Table 1: Shows the comparison of present sequencing modalities employed in genomics and metagenomics.

Materials and Methods

Bacterial genomics

Genomics was one of the pioneering fields which involved the use of omic technologies. Genomics is the study of entire genome of an organism, i.e., the set of genes that translate into proteins which ultimately determine all the cellular functions. Bacterial genomics has led to identification of putative gene products by a comparative approach called comparative genomics. In comparative genomics, genome of a pathogenic bacterium is compared with a non-pathogenic bacterium to identify molecular targets that can be manipulated for designing new drugs.

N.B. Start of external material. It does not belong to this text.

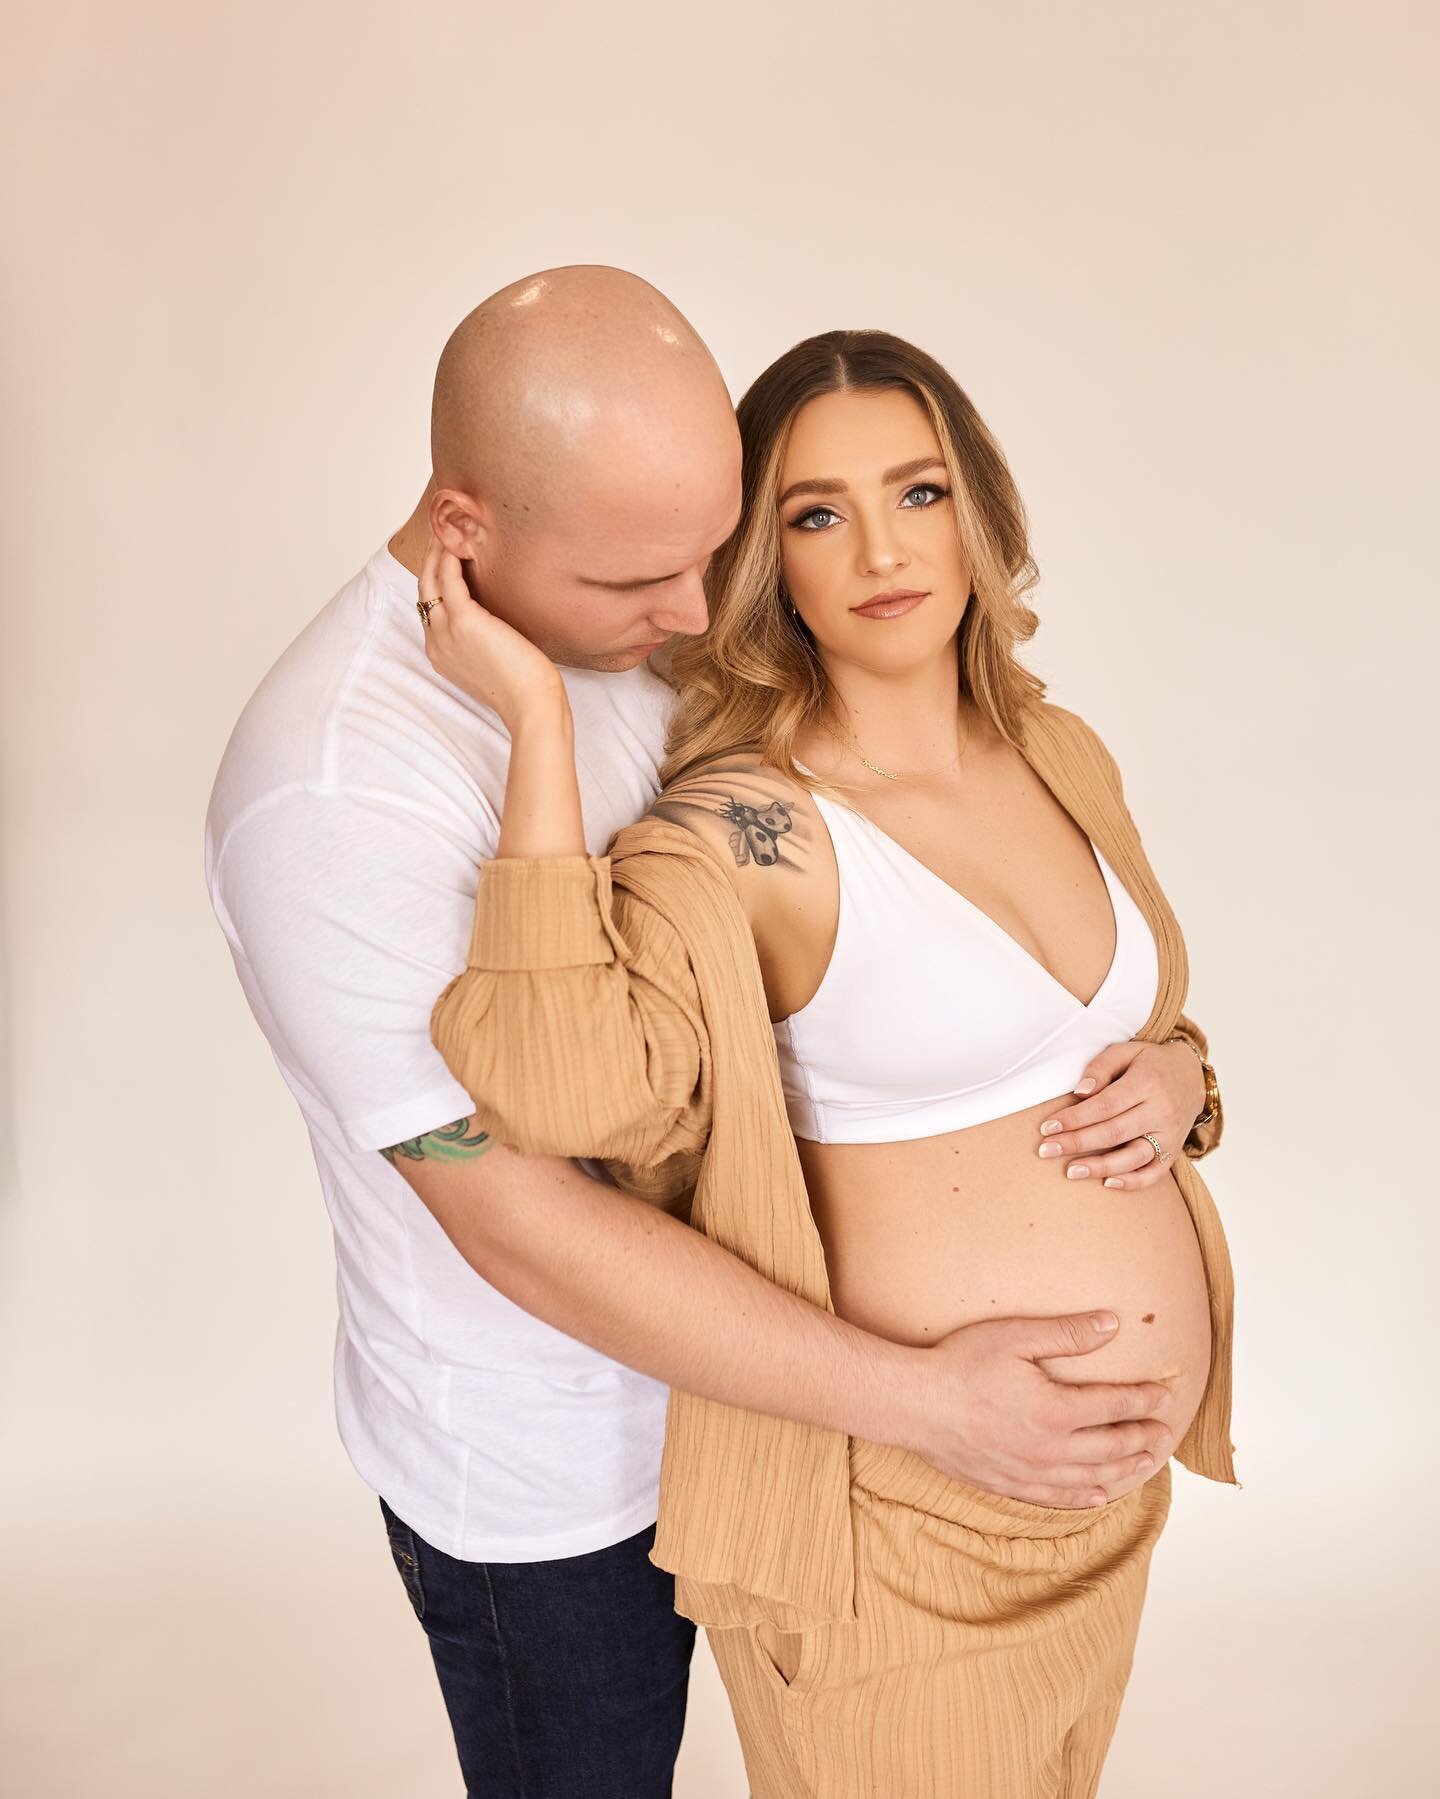 &ldquo;why should I book a maternity session?&rdquo; 

A maternity session marks the important + life-altering transition into motherhood. It&rsquo;s an incredible way to embrace your new identity as a momma and celebrate this new phase of life with

This approach could unravel the pathogenicity factors present in bacterium or the genes that code for bacterial survival [49]. Bacterial Genomics involves the use of NGS technologies to sequence the whole genome of bacteria and identify genetic functions using advanced computational tools [50]. Further, the data from the whole sequencing projects is deposited in searchable databases like Microbial Genomes Resources at the National Center for Biotechnology Information (NCBI), which contains more than 1000 prokaryotic genomes. Similar to this is the Genomes Online Database (GOLD) that contains comprehensive information of ongoing and completed genome sequencing projects (http://www.genomesonline.org). Bacterial genome annotation can be achieved using online webservers like Rapid Annotation Using Subsystem Technology (RAST) and Integrated Microbial Genomics (IMG).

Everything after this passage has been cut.